Between September 2018 and January 2019, 12 ACCHSs were recruited, comprising a sample of 1655 ACCHS clients aged ≥50 years (mean 60.3 ± 8.2 years), of whom 935 (56.5%) were female. One ACCHS withdrew during the study. After adjustment for time, the intervention did not show evidence of an effect for the first co-primary outcome (detection of CIND/dementia): HR = 1.53 (95% CI 0.64, 3.65). However, the intervention improved the second co-primary outcome (uptake of diagnostic pathway): HR = 2.34 (95% CI 1.05, 5.25). Intention-to-treat analyses yielded similar results.
The co-developed best-practice model of care for cognitive impairment and dementia for Aboriginal and Torres Strait Islander people attending primary care improved the diagnostic CIND/dementia management process.
National Health and Medical Research Council (Australia) and Dementia Training Australia.

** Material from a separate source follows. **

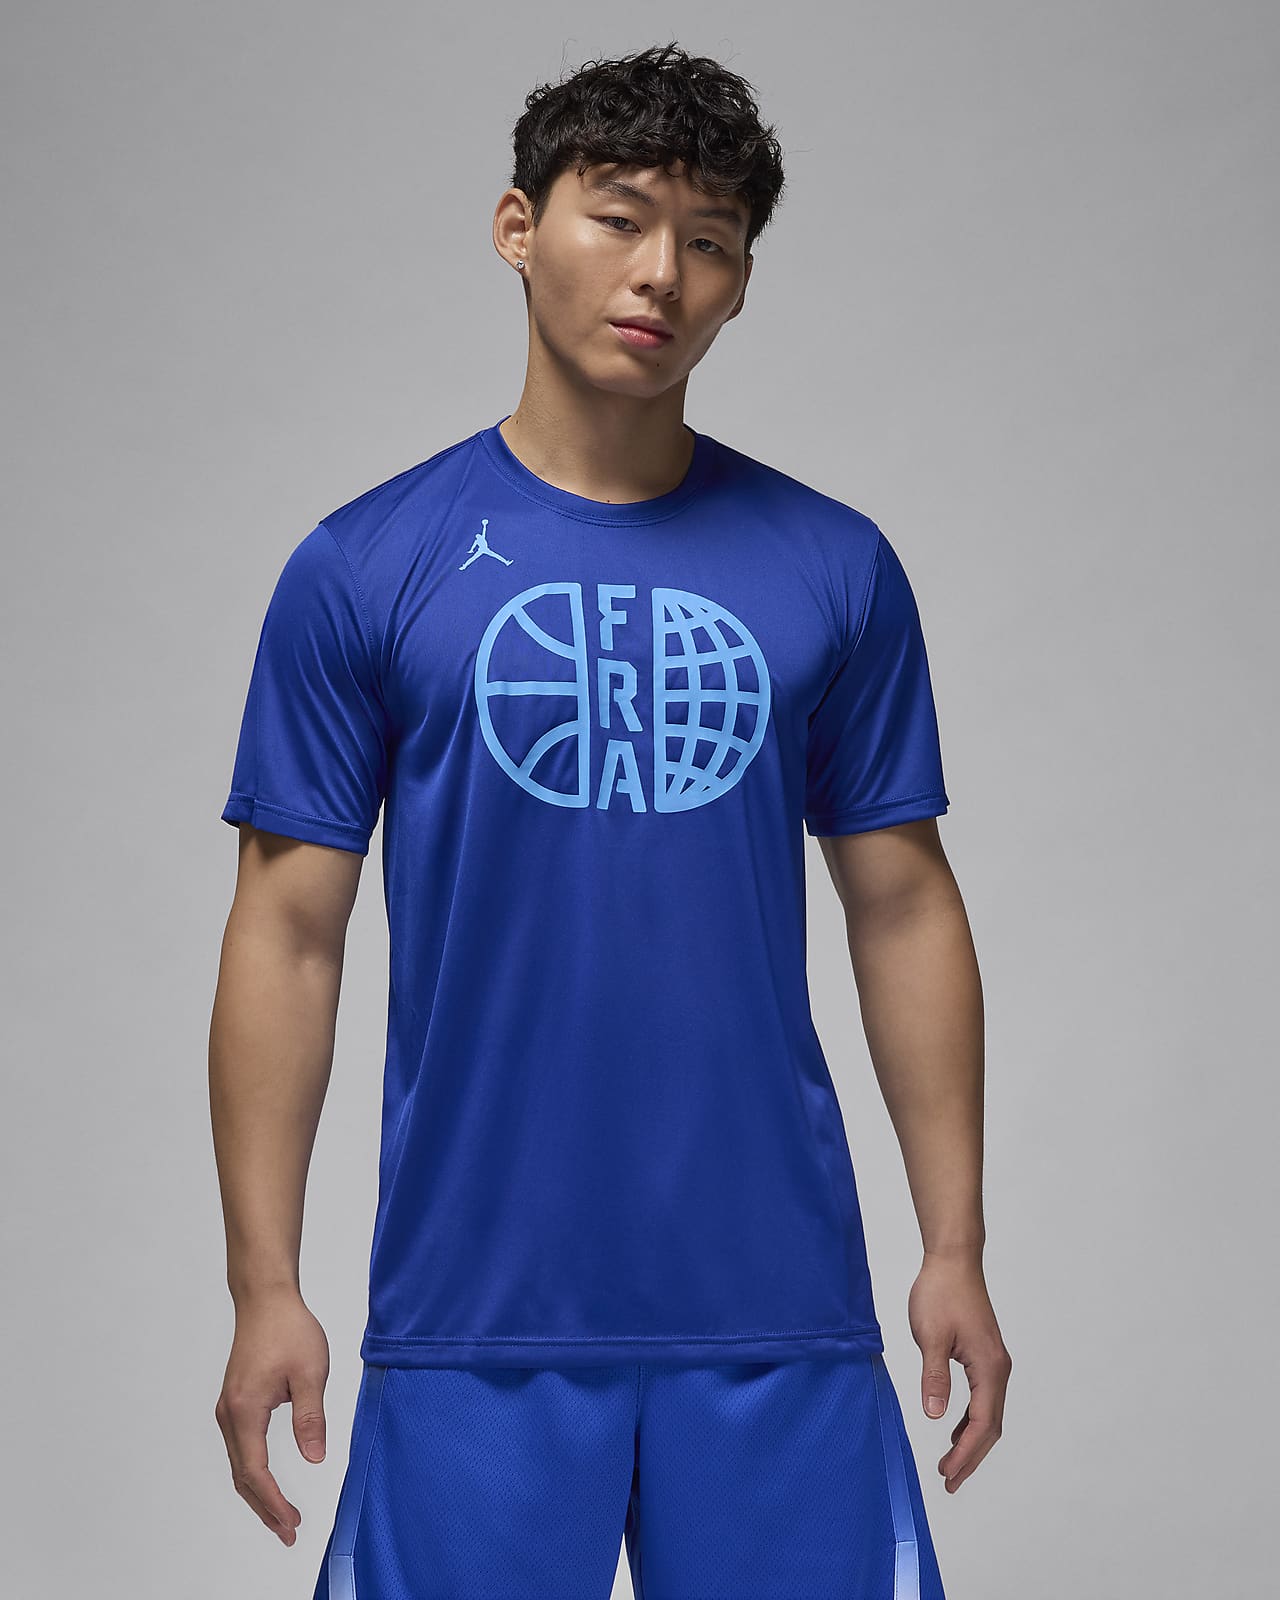 France Training Men's Nike Basketball T-Shirt
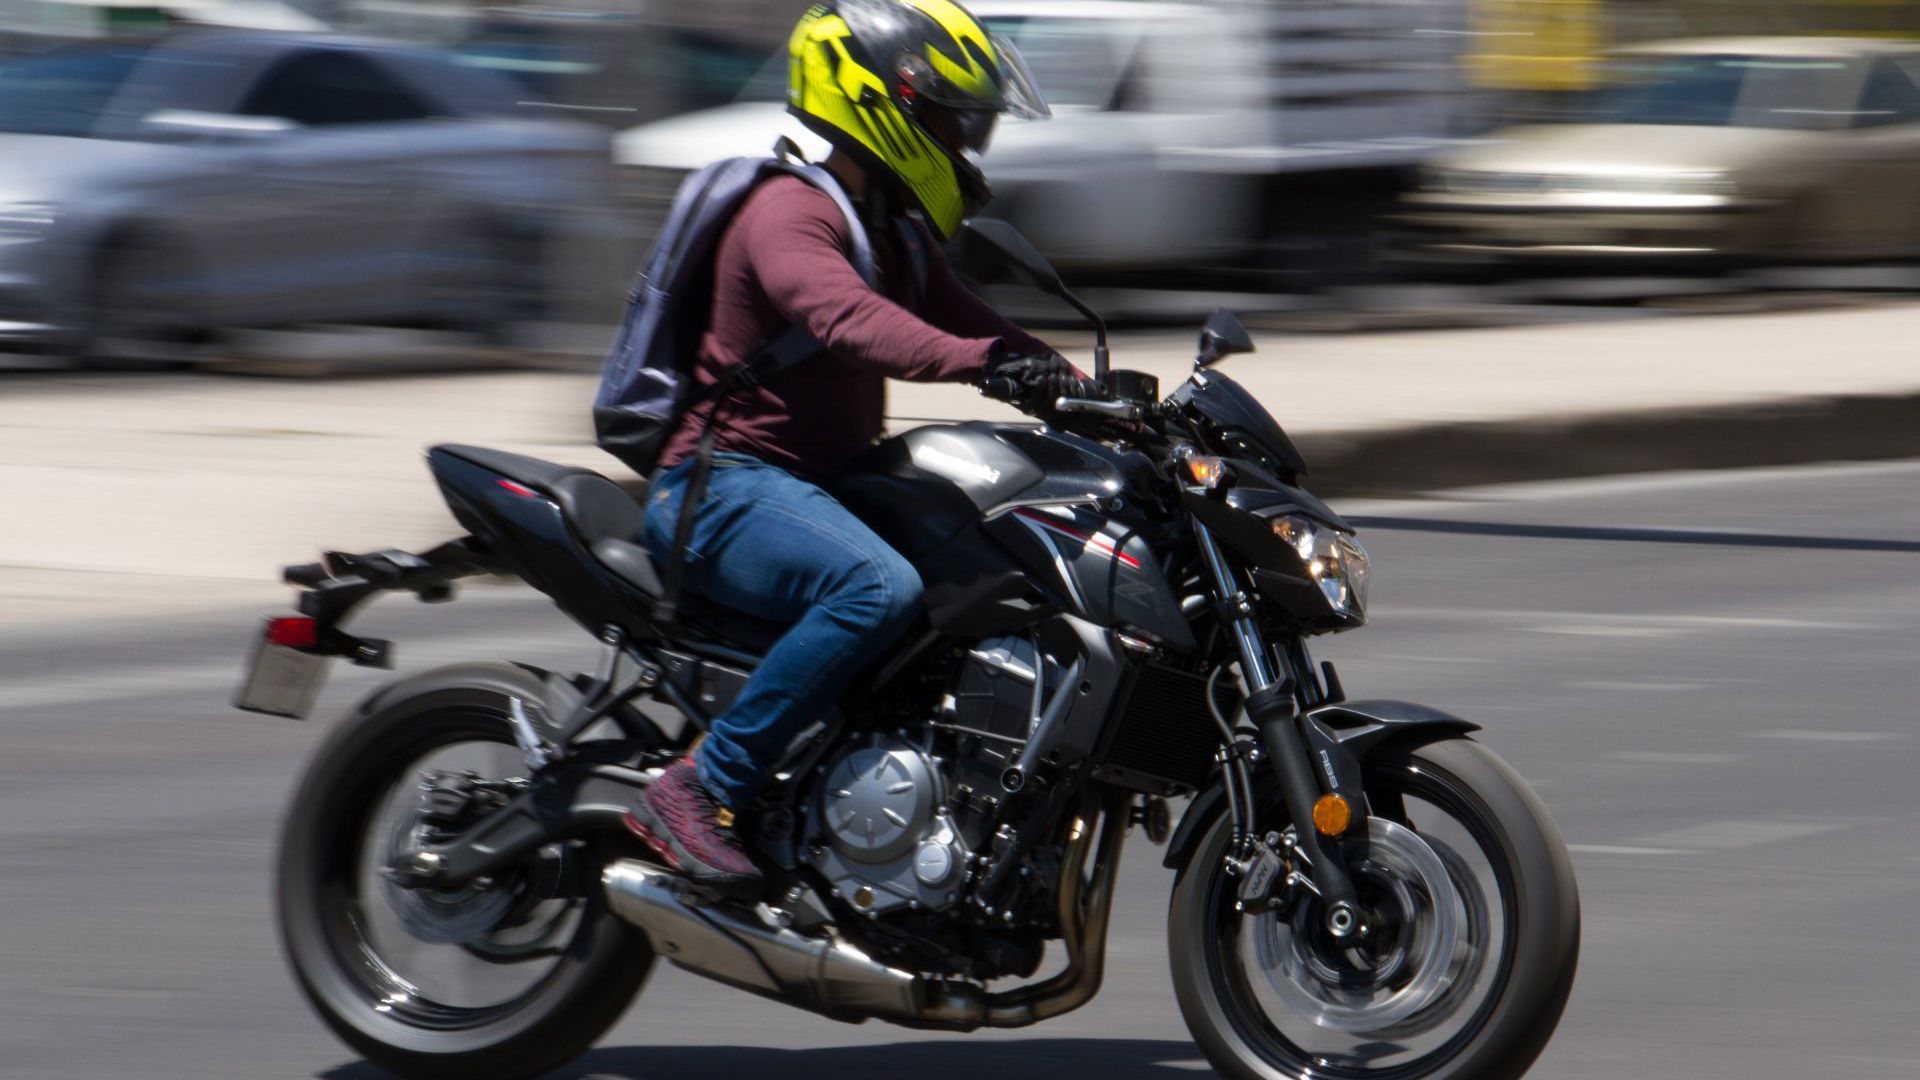 Registro electronico de motociclistas en la CDMX - motonetas - 18-01-22

在接受初级保健的原住民中,痴呆症和非痴呆性认知障碍(CIND)的检出率较低。本试验实施了一种经过文化调整的最佳实践护理模式,以提高对CIND/痴呆症的检测并优化管理。
这项封闭队列开放标签、阶梯式楔形、整群随机试验在澳大利亚城市、地区和偏远地区招募了12家原住民社区控制的初级卫生保健服务机构(ACCHS)。如果ACCHS进行年度健康检查、参与持续质量改进过程且有≥55名年龄≥50岁的客户,则有资格参与。在基线对照期后,每六个月安排4家ACCHS进入干预阶段。在干预阶段,通过员工教育和实践变革举措,支持ACCHS采用最佳实践痴呆症护理。共同主要结局为:(i)记录在案的CIND/痴呆症检测情况,以及(ii)通过以下至少两项的存在来衡量的诊断途径采用证据:使用认知评估工具、相关病理检查、神经影像学检查,和/或将有认知问题的客户转诊至专科服务机构。数据采用混合效应互补对数-对数回归分析。本研究已在澳大利亚和新西兰临床试验注册中心注册,注册号为ACTRN12618001485224。
2018年9月至2019年1月期间,招募了12家ACCHS,包括1655名年龄≥50岁的ACCHS客户样本(平均60.3±8.2岁),其中935名(56.5%)为女性。一家ACCHS在研究期间退出。在对时间进行调整后,干预措施对第一个共同主要结局(CIND/痴呆症检测)未显示出效果:风险比(HR)=1.53(95%置信区间0.64,3.65)。然而,干预措施改善了第二个共同主要结局(诊断途径的采用):HR=2.34(95%置信区间1.05,5.25)。意向性分析得出了类似结果。
为接受初级保健的原住民和托雷斯海峡岛民共同开发的认知障碍和痴呆症最佳实践护理模式改善了CIND/痴呆症的诊断管理过程。
澳大利亚国家卫生与医学研究委员会和澳大利亚痴呆症培训组织。